A Catholic school is burning down. One of the priests says, "Save the children, save them!" Another priest says, "F*ck the children, we're gonna die!!" The last priest is like, "Hmmm... do we have time?"
Children Jokes
Do orphans love doing crime?
'Cause they want to be wanted.
Who thinks people should stop doing orphan jokes? Type here so we can talk about it.
Why are orphans so scared of the dark?
The dad can't check the closet for them.
If Jeffy goes to an orphanage, he will die. How is he supposed to move?
I ate all of your mommy's orphans.
Why are half of the orphans blind? Because they can't find their parents.
Why can't orphans play baseball? Because they can't find home.
Person: Where's your mom and dad?
Orphan: :(
What starts with S and ends with S? STUPID HOMEWORK NEVER ENDS.
What starts with C and ends with K? Children do not cook.
What did you think I was going to say? How bold of you to assume.

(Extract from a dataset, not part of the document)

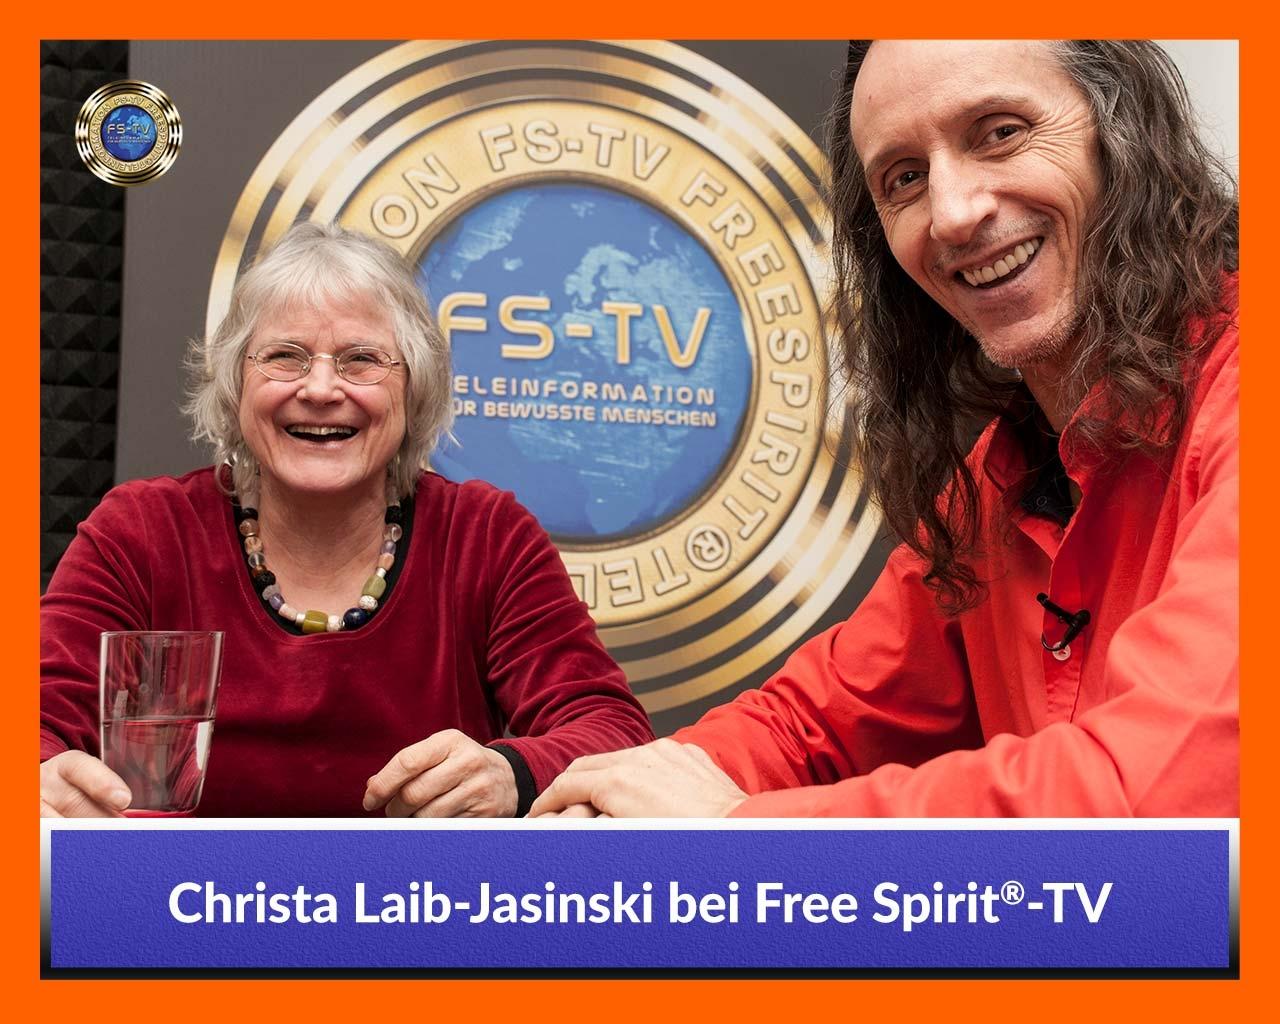 Christa-Laib-Jasinski-03

"What do you want to eat?"
"You choose."
"Children."
"What?"
*Picks up pot*
"You said anything!"
Where do Eagles send their children to study?
The Alpha birds.
What do McDonalds and priests both do?
They both put their meat between 10-year-old buns.
How many babies does it take to paint a wall?
Depends on how hard you throw them, with fuck.
What do my baby and dinosaurs have in common? They are both dead.
You're the bus driver. The bus driver picks up twenty kids, drops two, picks up eighty. Drops seven, picks up a woman with green eyes, drops off a man with blue, kicks a kid in the face, and buried his mother.
Who's the bus driver?
You will never nose [know].
I was camping with my buddy, and there was a fire. We were roasting marshmallows, and there was a vine. I tripped on it and went penis first into the fire, and I said, "Well, there goes your children, stupid ass!"
I have eaten 6 babies, 9 adolescent children, and 2 infants in the past week ;p
What has 4 legs and 1 arm?
A pitbull in a children's play area.
What is more time-consuming than children?
Waiting for your wife to go into labor!